The problem is that the dinocyst-salinity calibration set is patchily sampled in environmental space; there are clumps and lacunae.
The immediate effect of this is to make some taxa appear to have bimodal relationships with salinity. Bimodality could also occur if multiple taxa with distinct environmental niches are lumped together because they cannot be distinguished morphologically. The transfer functions have to interpolate from the clumps into the lacunae – how well do they do it?
I was going to simulate species abundances for calibration sets with lacunae forming either zebra stripes or a chessboard pattern and then test the difference between cross-validation performance and the performance estimated using a uniformly distributed validation set for different transfer function methods.
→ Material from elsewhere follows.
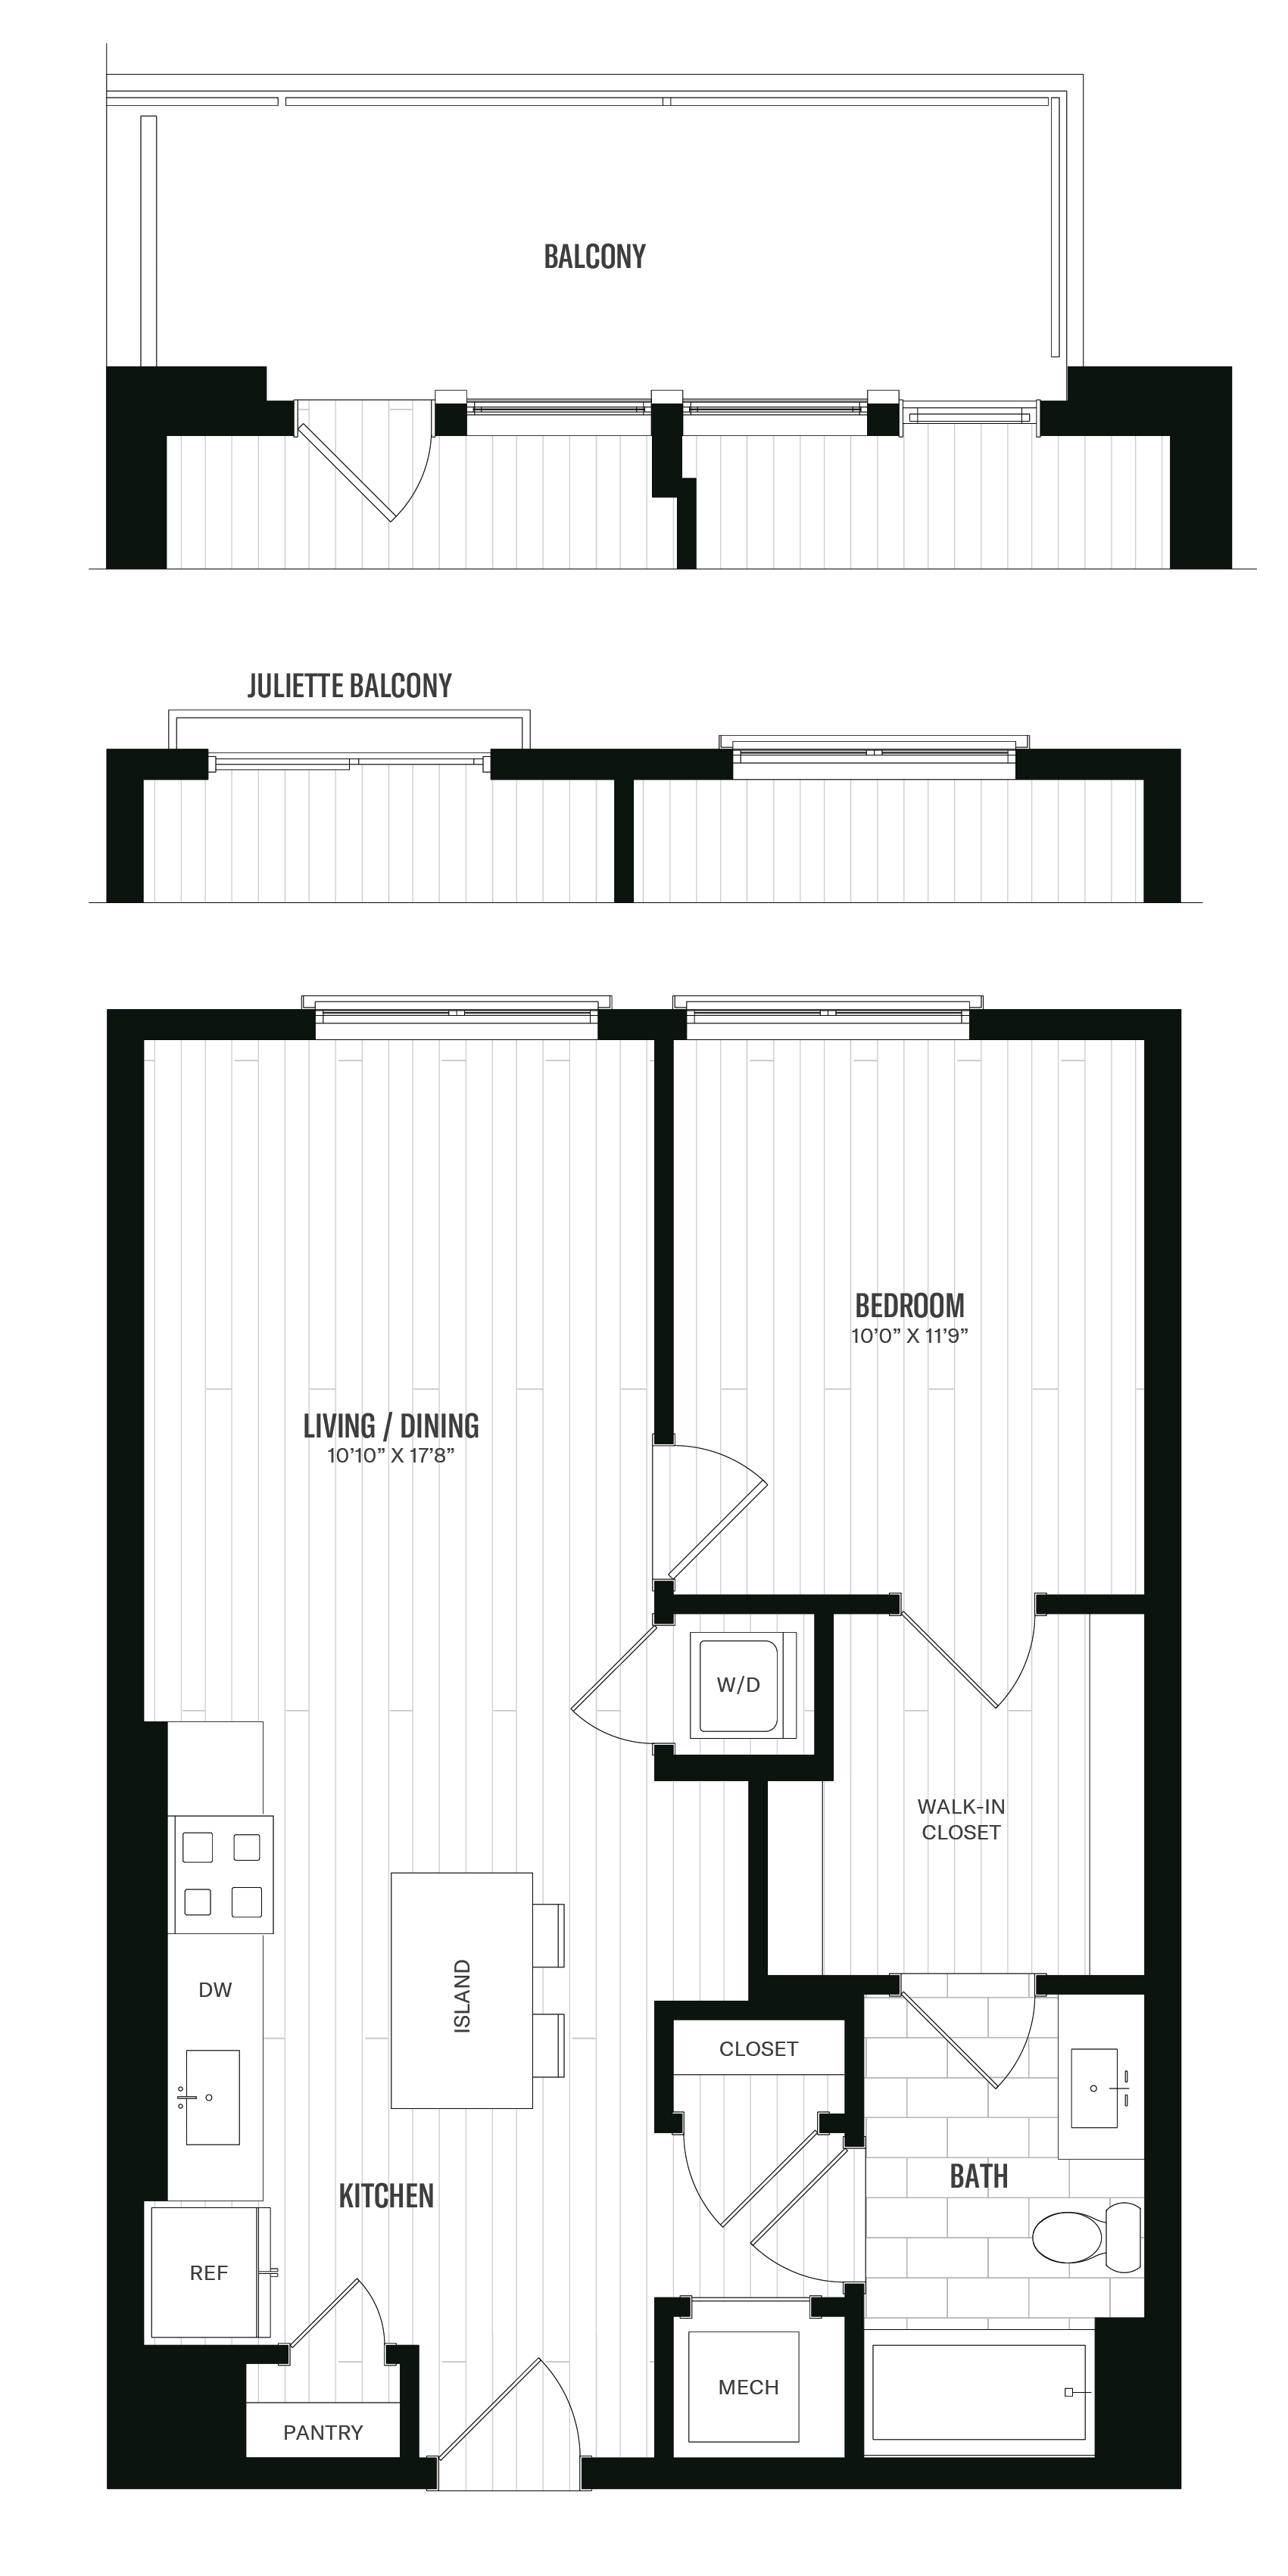 Floorplan image of unit 461
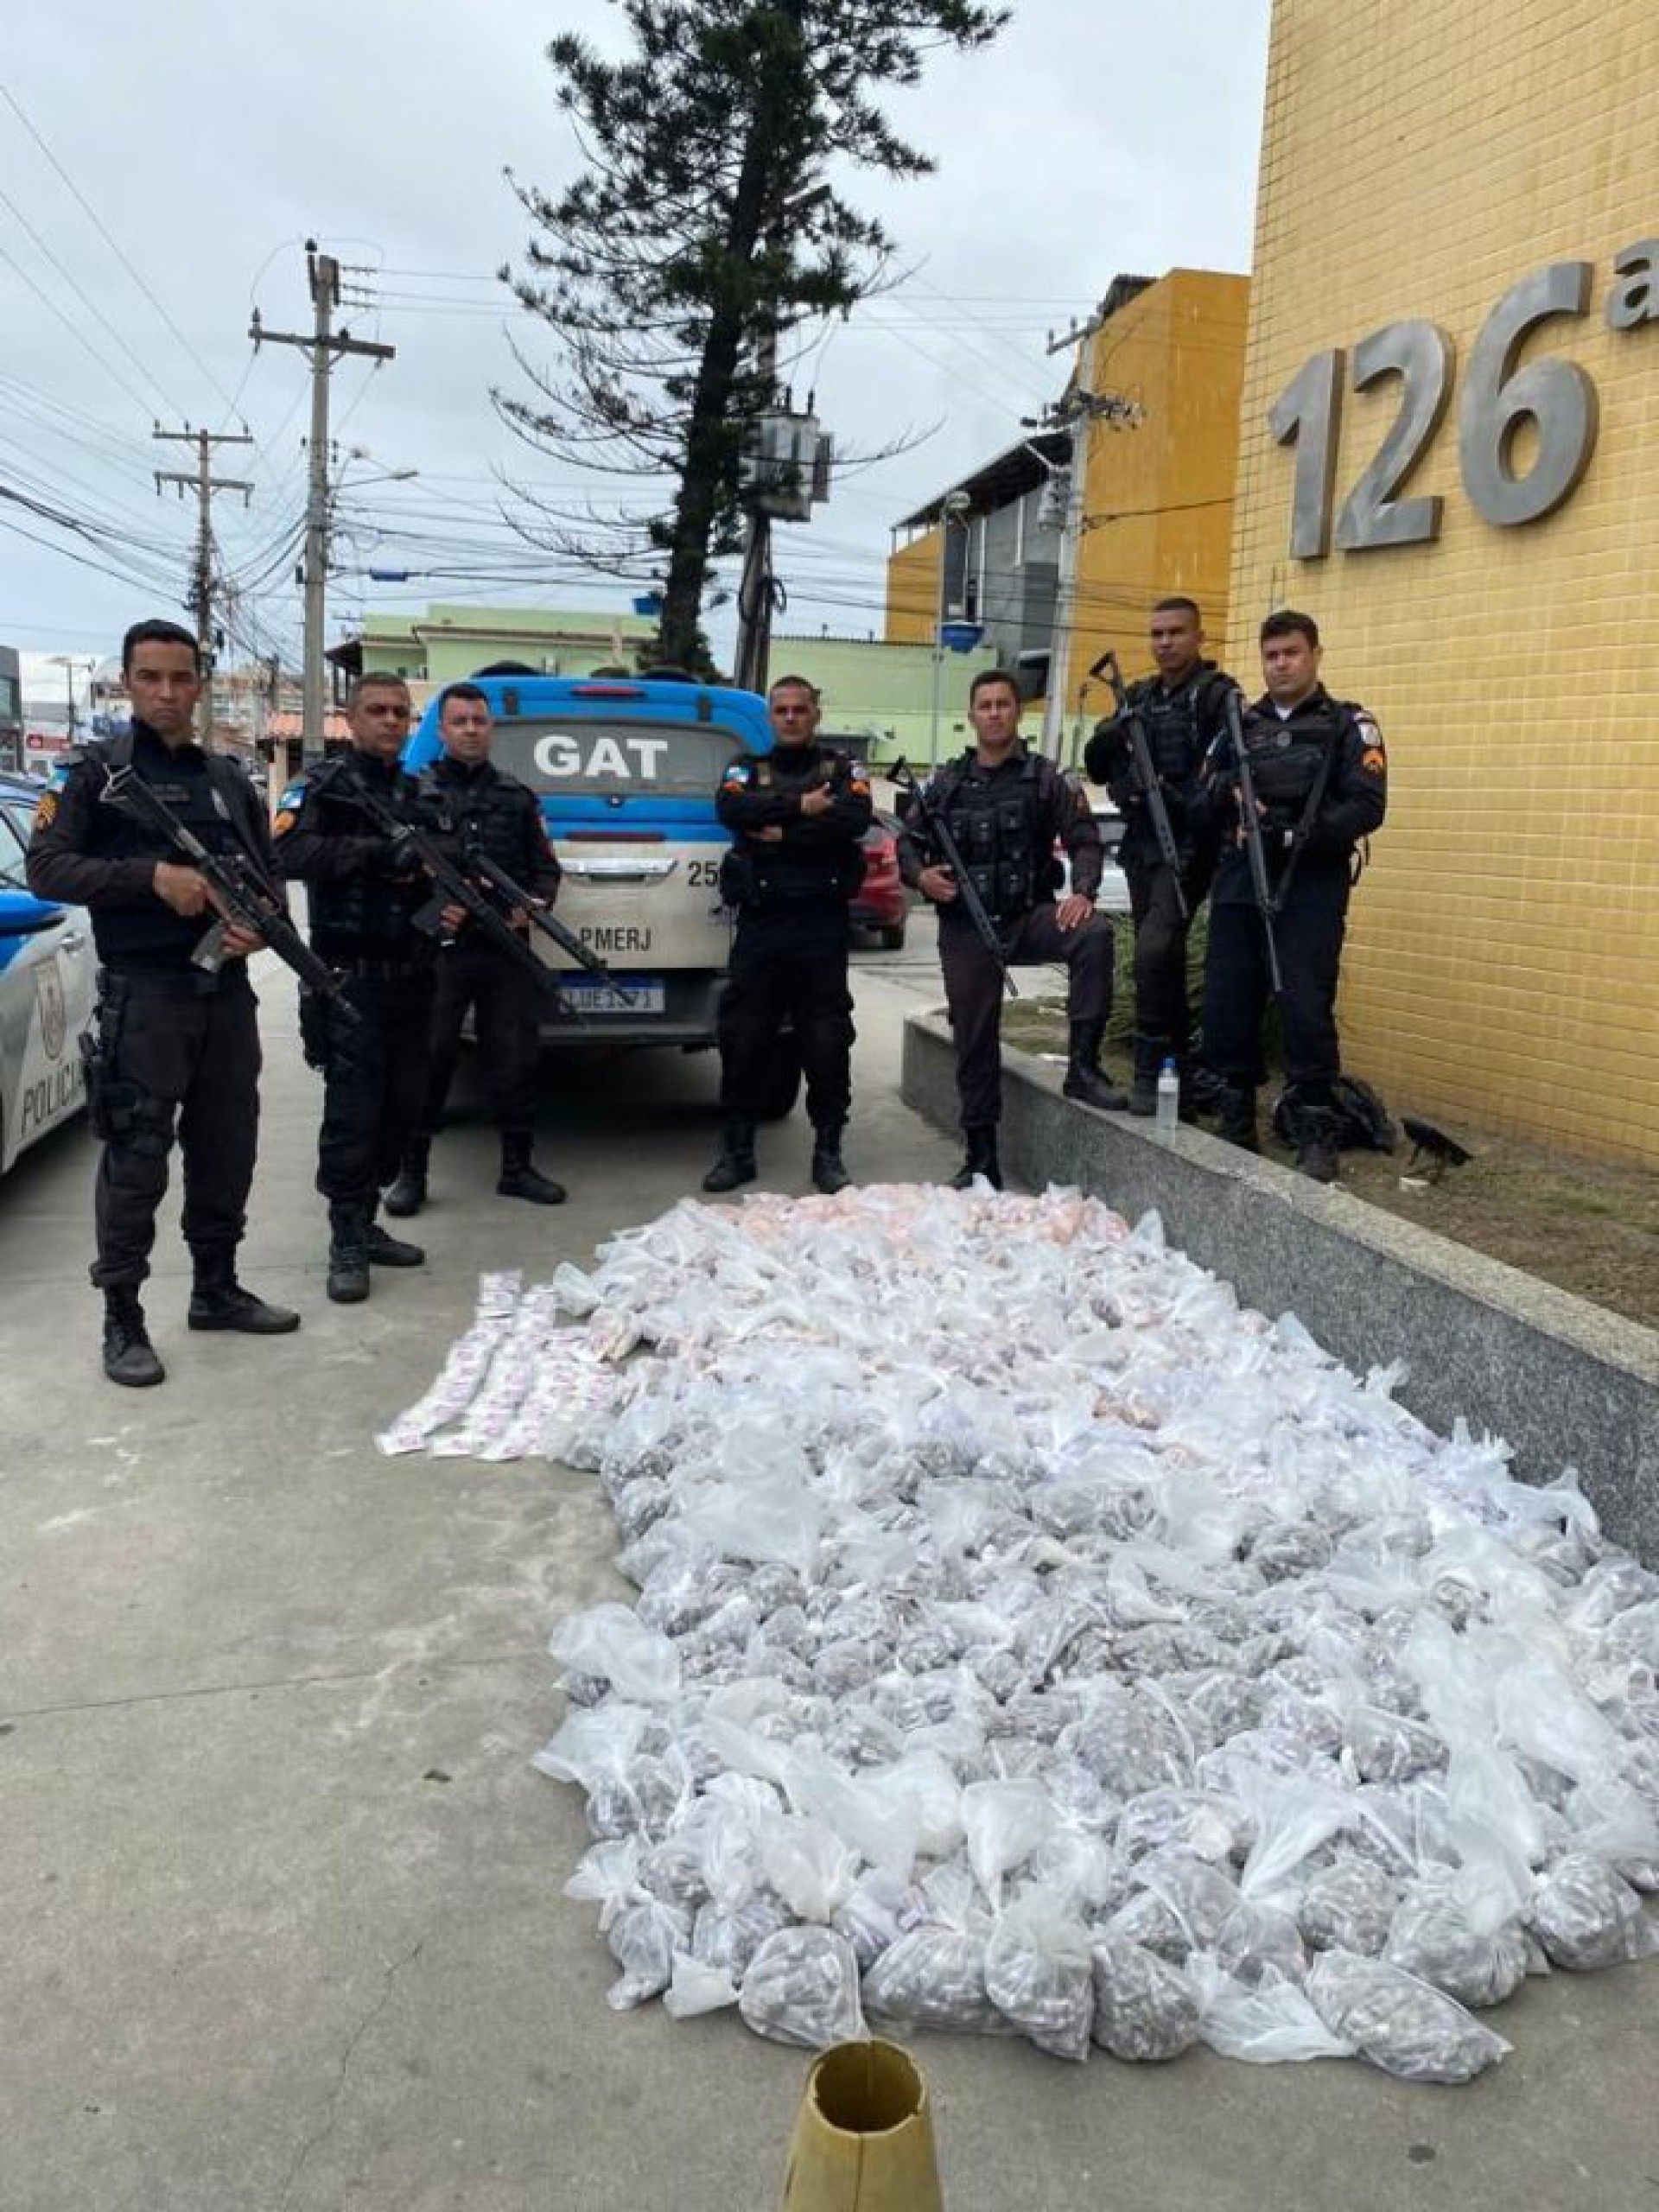 Os agentes localizaram 21.744 tabletes de maconha, 9.348 cápsulas de cocaína e 6.960 pedras de crack - Letycia Rocha (RC24h)

But then, I realised that this is essentially the same problem as I explored in Telford and Birks (2011), “Effect of uneven sampling along an environmental gradient on transfer-function performance”. Lacunae are simply the extreme case of uneven sampling, and it makes no obvious difference whether a single environmental variable is unevenly sampled or if environmental space as a whole is unevenly sampled. The effect will be the same: transfer function performance estimated by cross-validation will be optimistic, with the modern analogue technique much more optimistic than weighted averaging.
I don’t think I need to repeat the analyses of Telford and Birks (2011) to demonstrate this. Persuade me otherwise and I can run through an analysis and submit it somewhere.
I have some other plans for testing the species simulation code (will be submitted to CRAN when tested, otherwise available on request).